[[ Collected data, beginning ]]

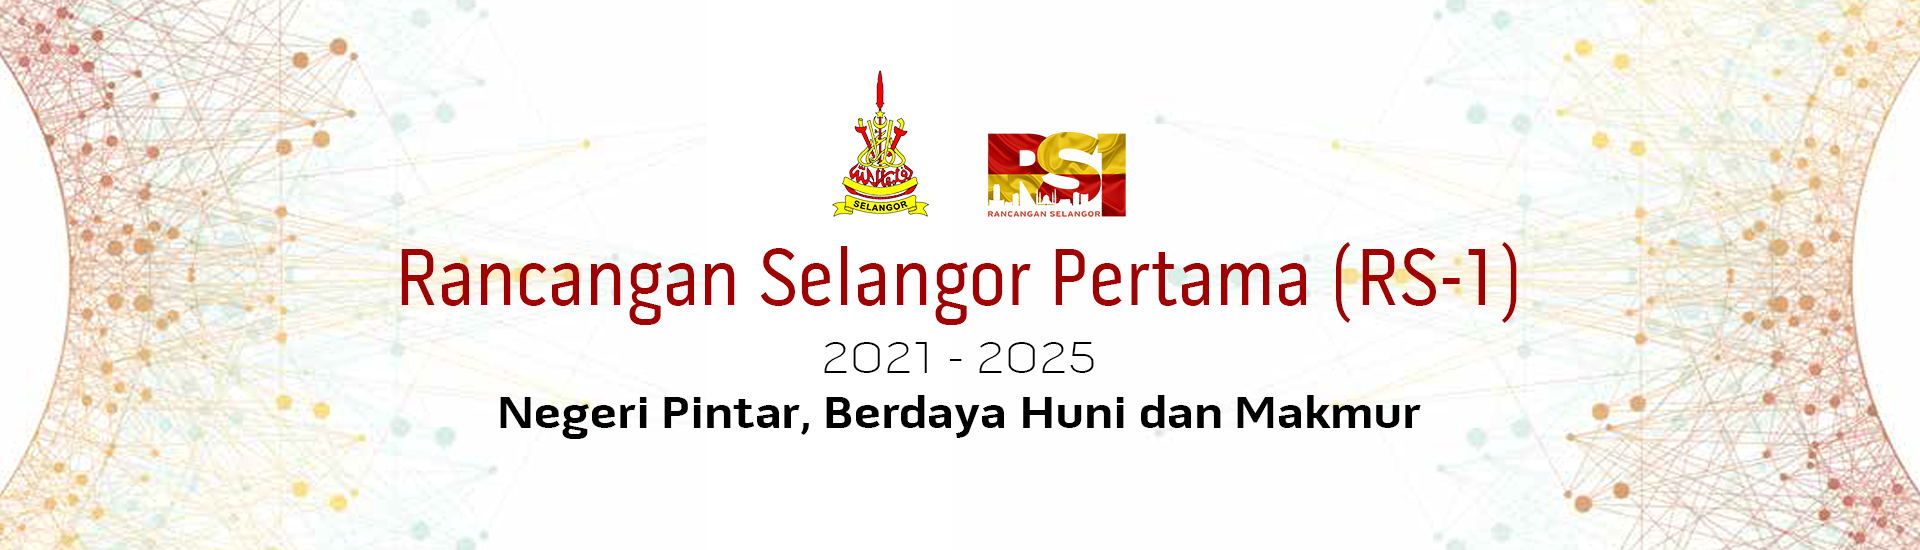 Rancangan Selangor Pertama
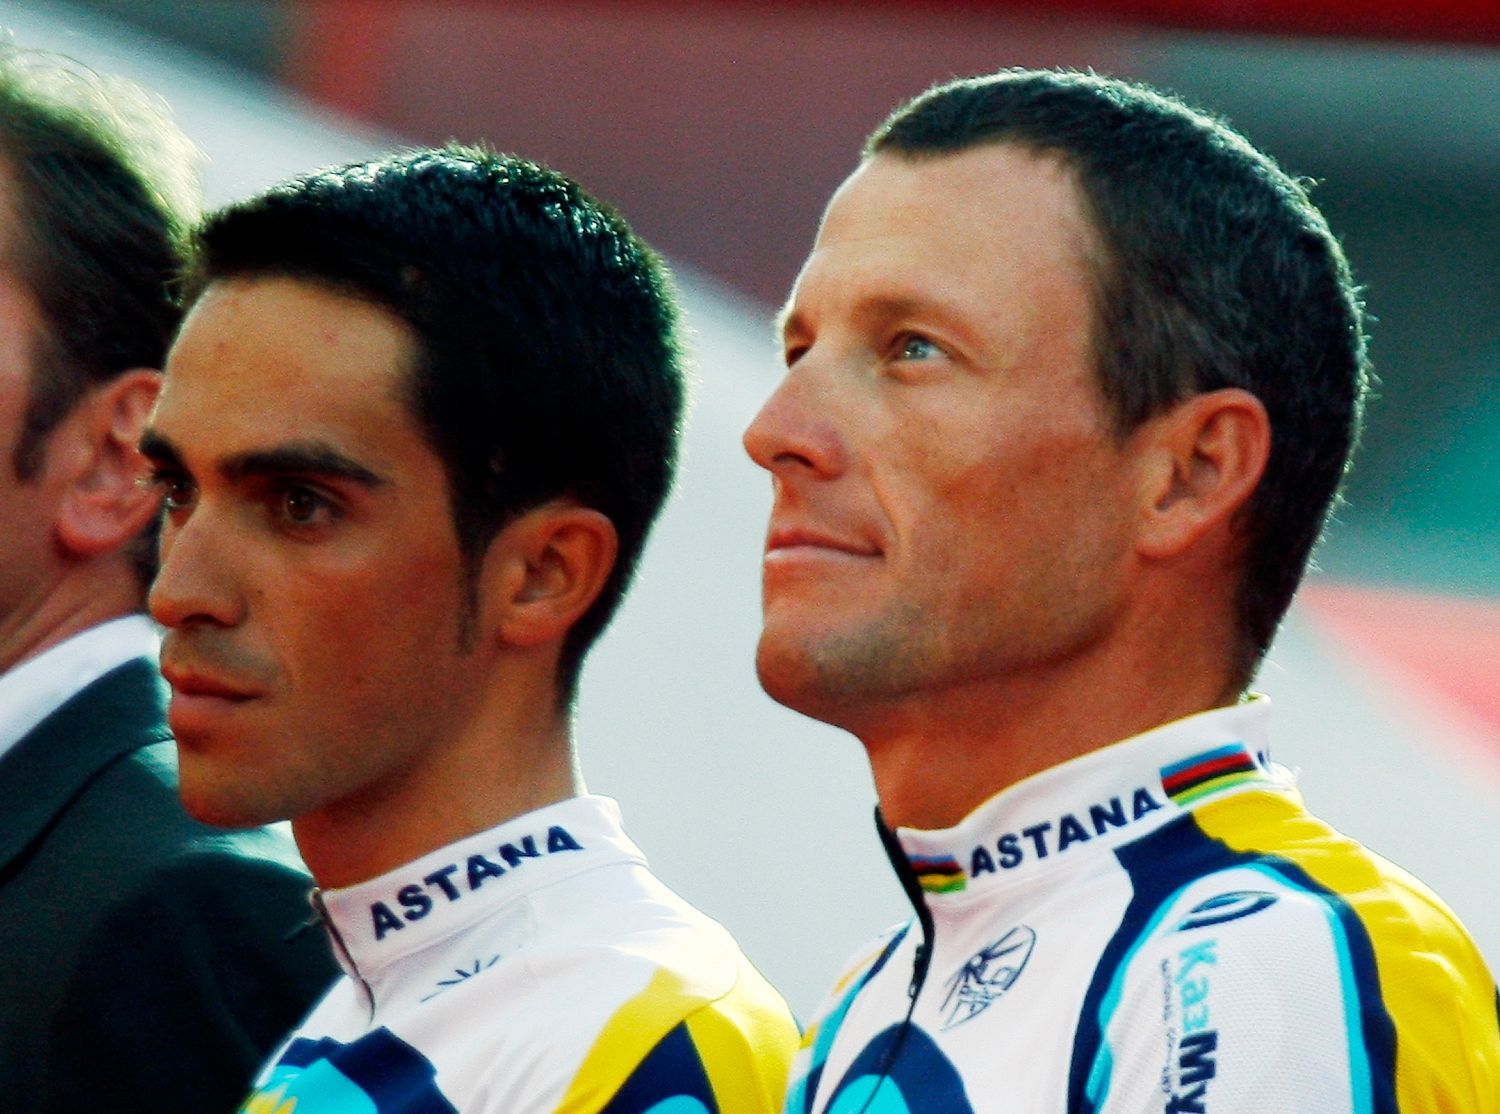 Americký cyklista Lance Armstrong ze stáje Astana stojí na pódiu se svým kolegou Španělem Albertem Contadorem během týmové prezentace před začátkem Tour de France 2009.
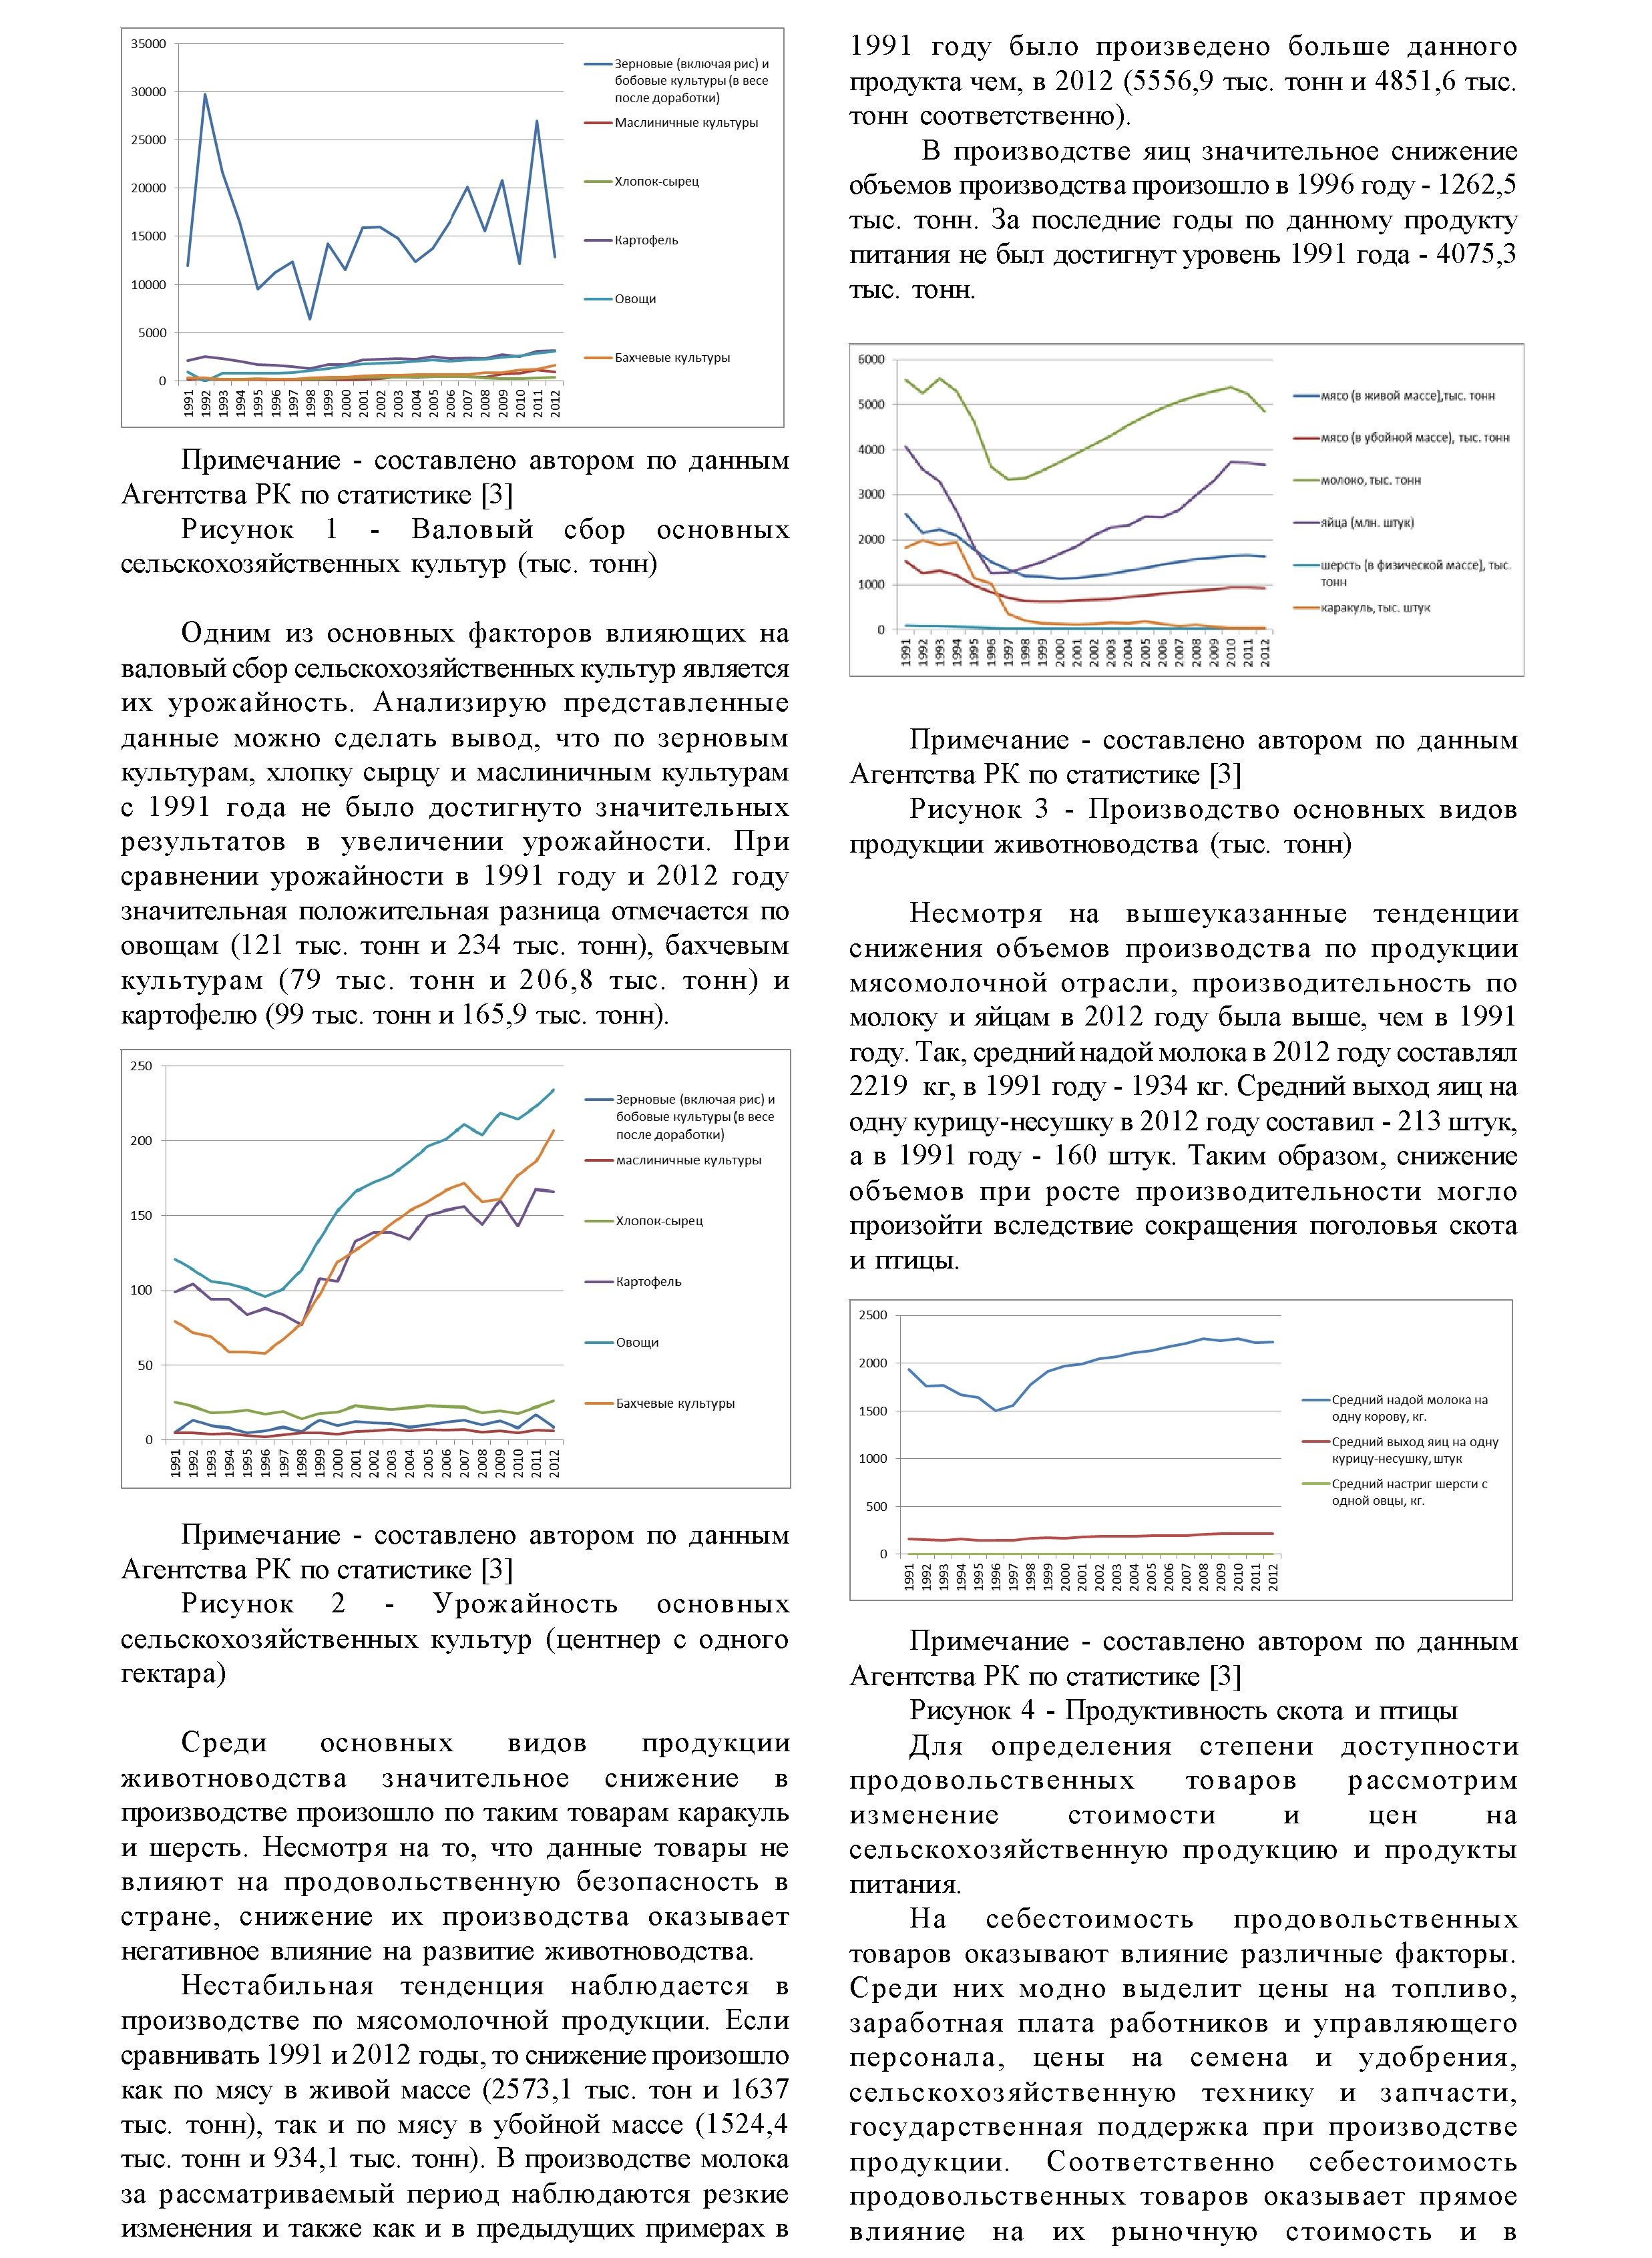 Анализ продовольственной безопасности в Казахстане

[[ Collected data, end ]]

• Work order
Output the listing exactly, pictures excluded.

• Answer to the problem
 Rancangan Selangor Pertama
 Americký cyklista Lance Armstrong ze stáje Astana stojí na pódiu se svým kolegou Španělem Albertem Contadorem během týmové prezentace před začátkem Tour de France 2009.
 Анализ продовольственной безопасности в Казахстане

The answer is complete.